■ Exercise requirements ■
Below is a listing; retype exactly the line with "お好きなLピザ3枚 ドミノ・ピザ公式アプリ限定クーポン" and every line after it through the end, and only those, leaving out the pictures.

■ Provided records ■
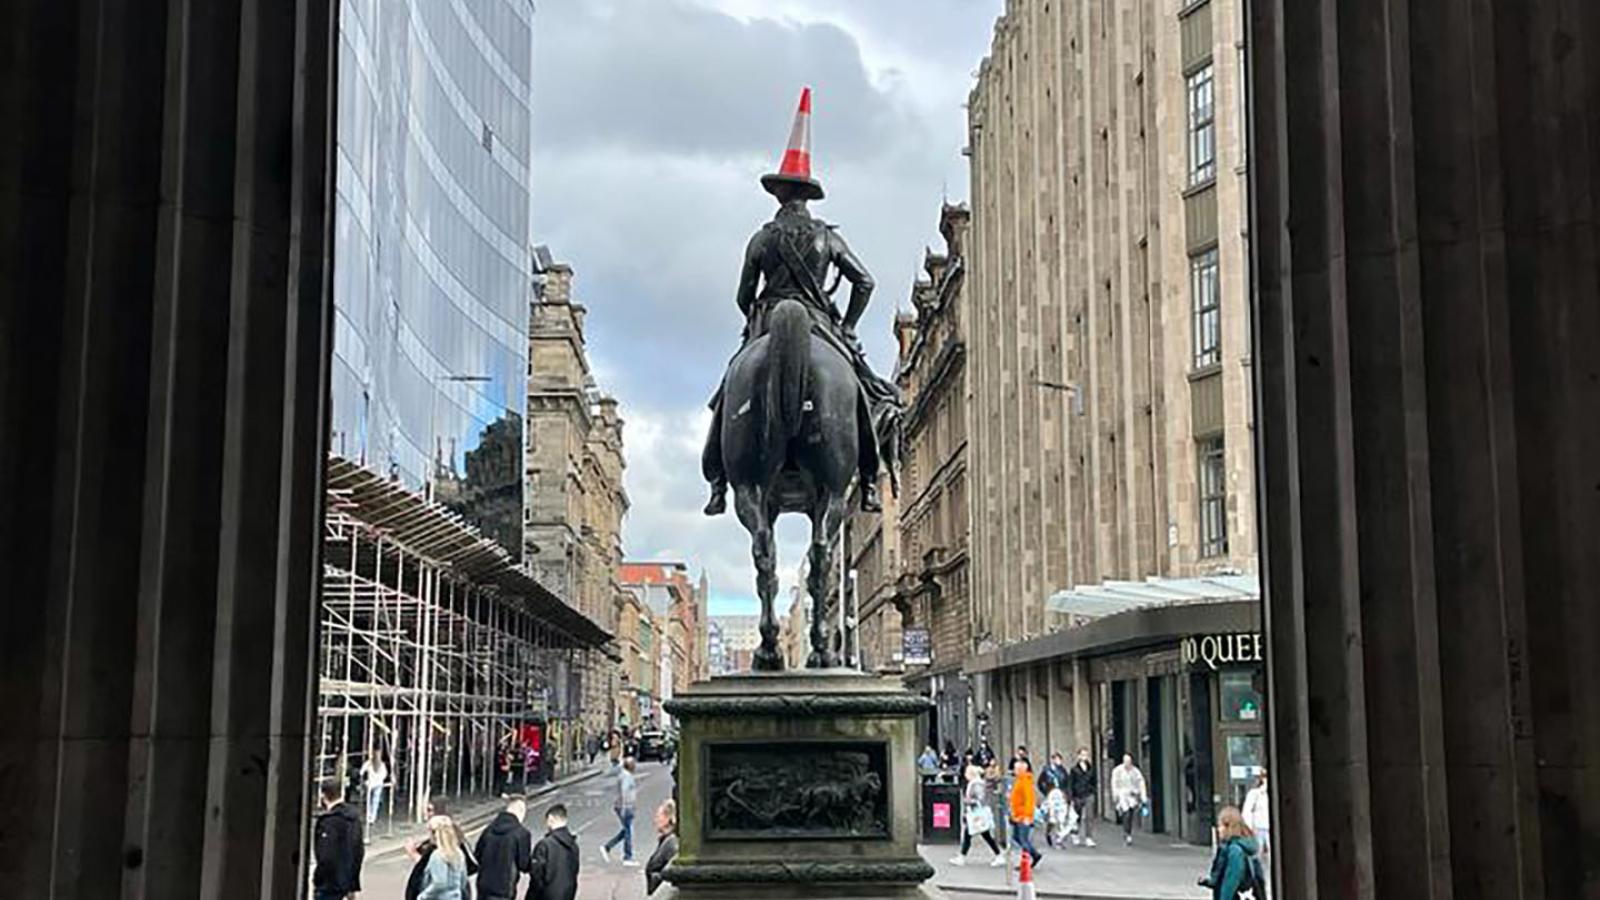 Der Blick fhrt aus dem Eingang des Gallery of Modern Art Glasgow heraus auf eine Statue auf einem Pferd die man von hinten sieht. Auf dem Kopf der Figur ist ein Verkehrskegel balanciert.
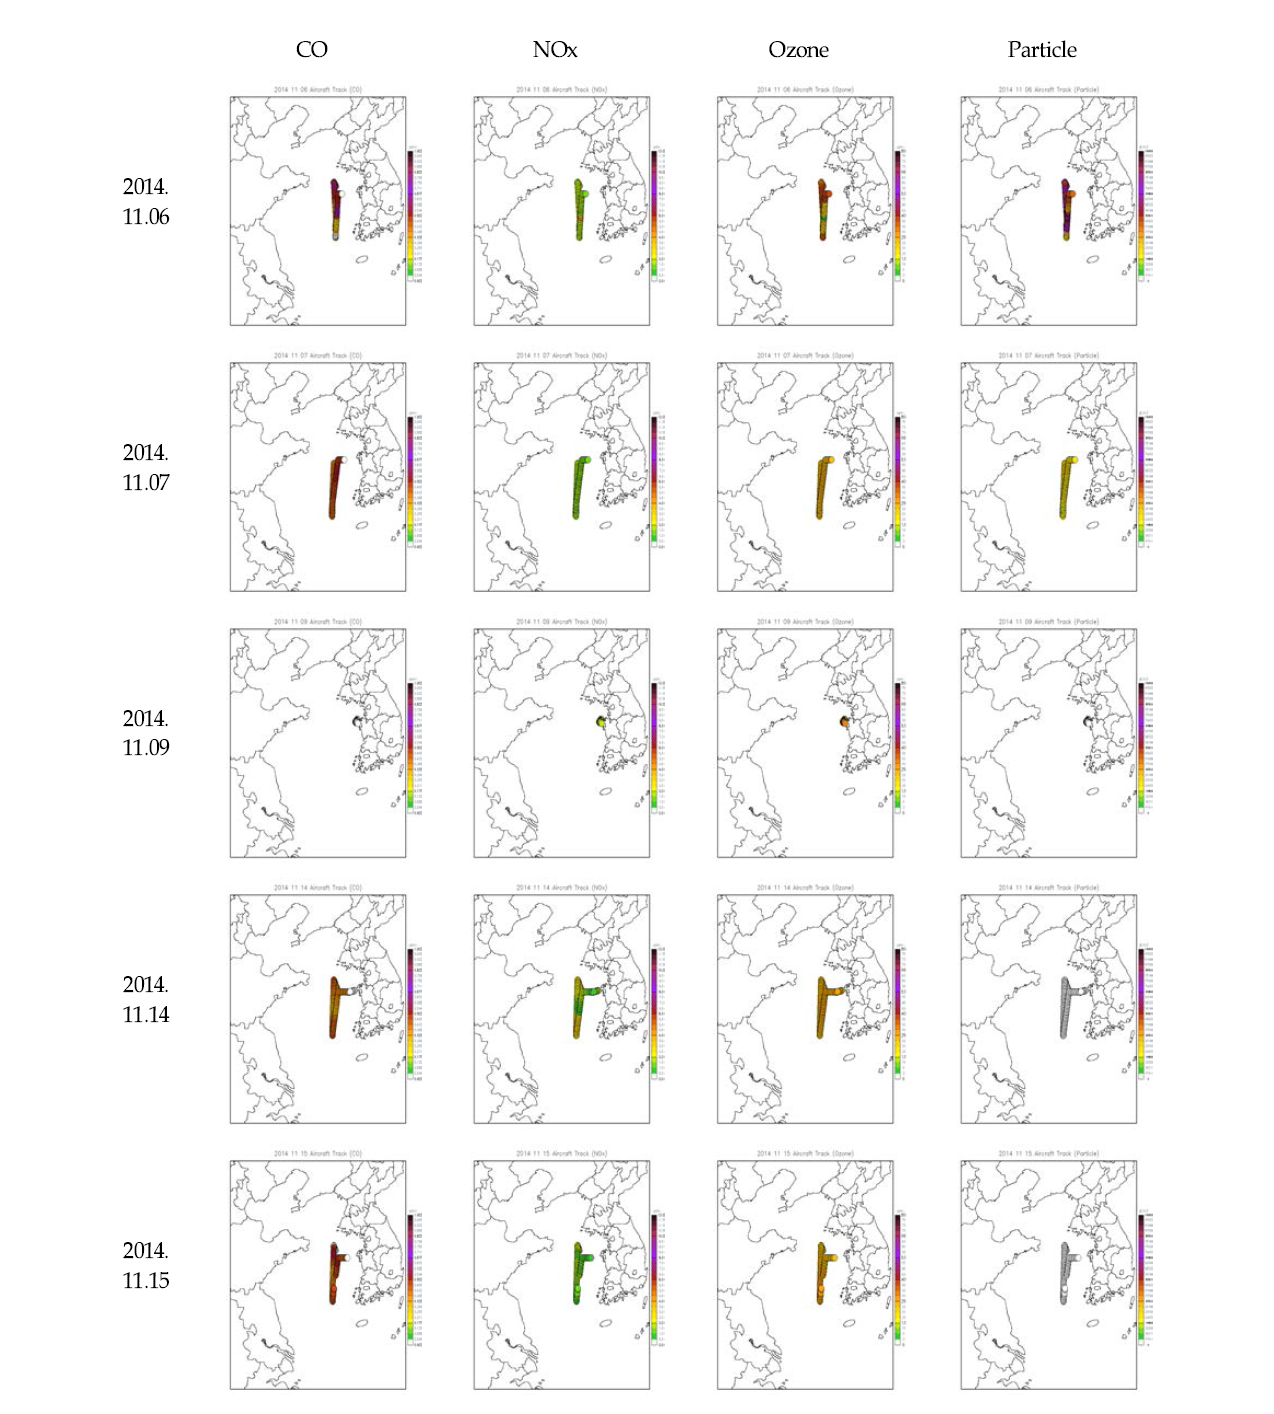 2014년 비행 경로별 CO, NOx, Ozone, Particle의 농도 분포
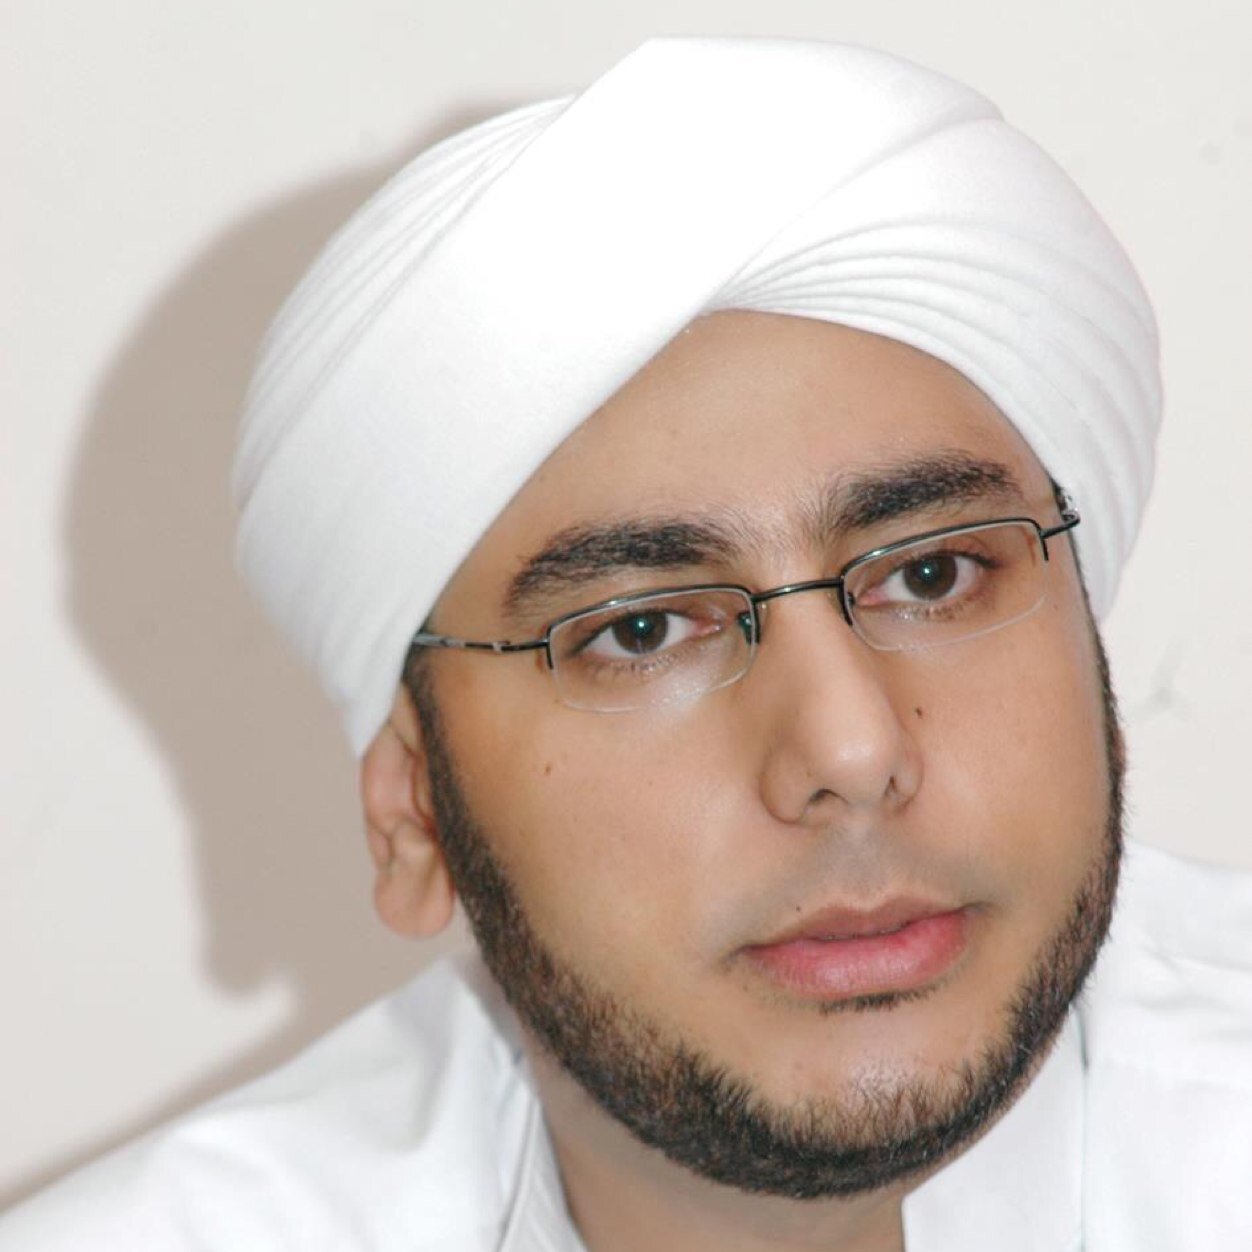 Alhabib muhammad Syahab (Pimpinan Majelis Al Anwar) Info lengkap dapat menghubungi Cp 0812 8105 479 / IG muhammad_syahab
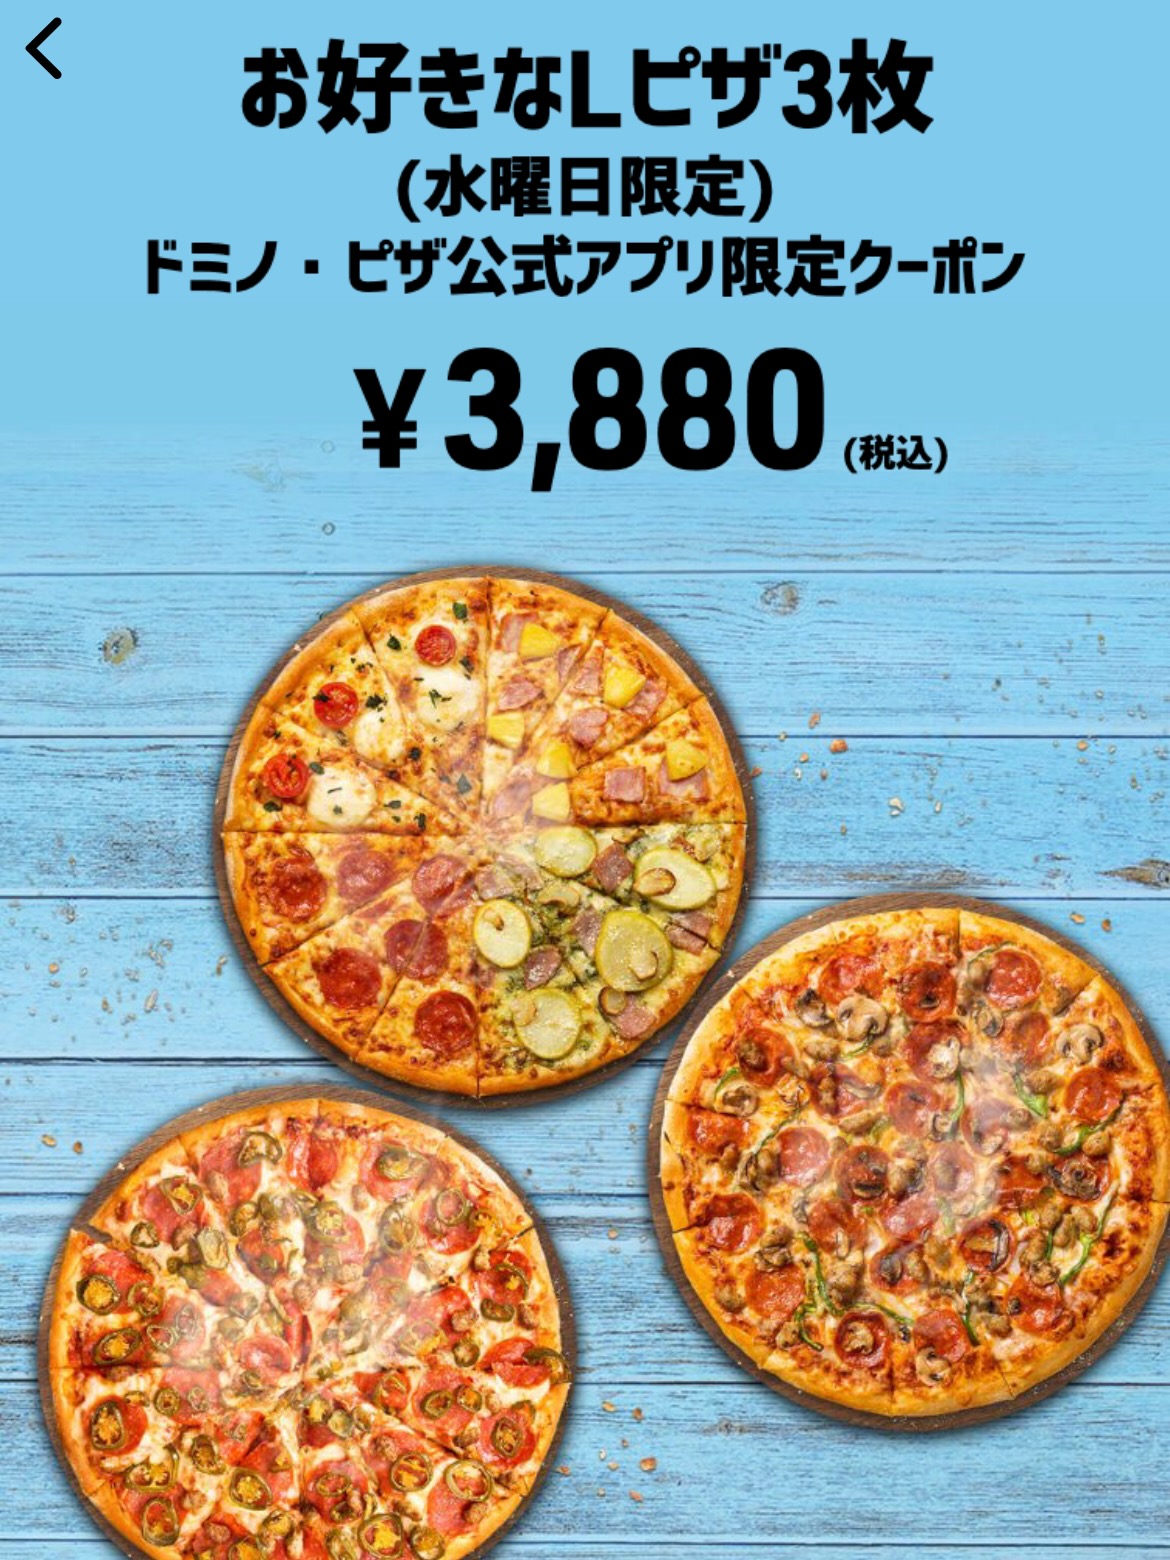 お好きなLピザ3枚 ドミノ・ピザ公式アプリ限定クーポン
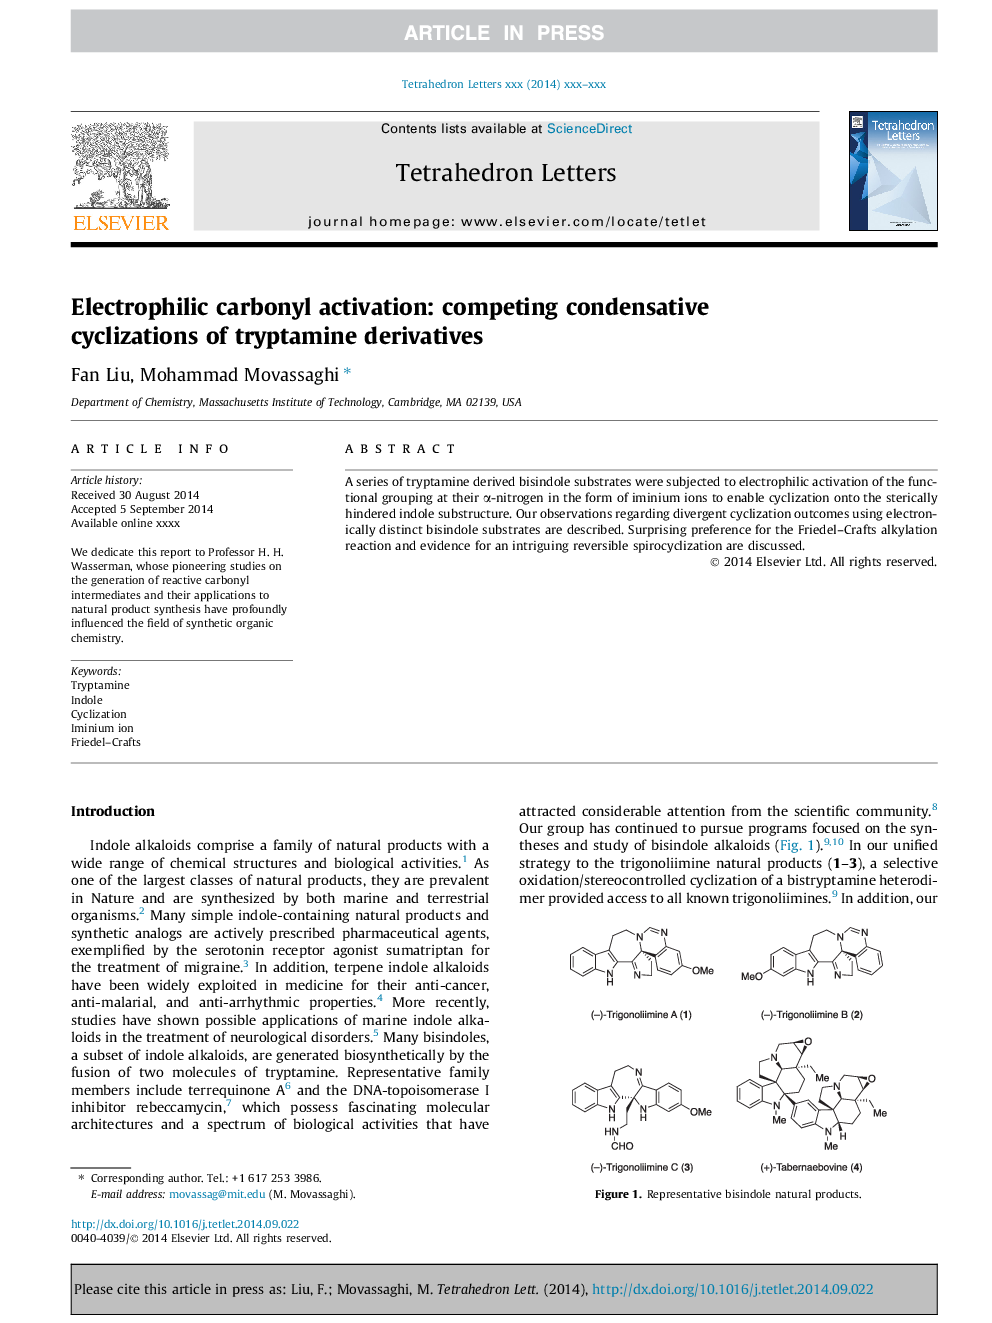 Electrophilic carbonyl activation: competing condensative cyclizations of tryptamine derivatives

■ The completed task ■
 お好きなLピザ3枚 ドミノ・ピザ公式アプリ限定クーポン
 Electrophilic carbonyl activation: competing condensative cyclizations of tryptamine derivatives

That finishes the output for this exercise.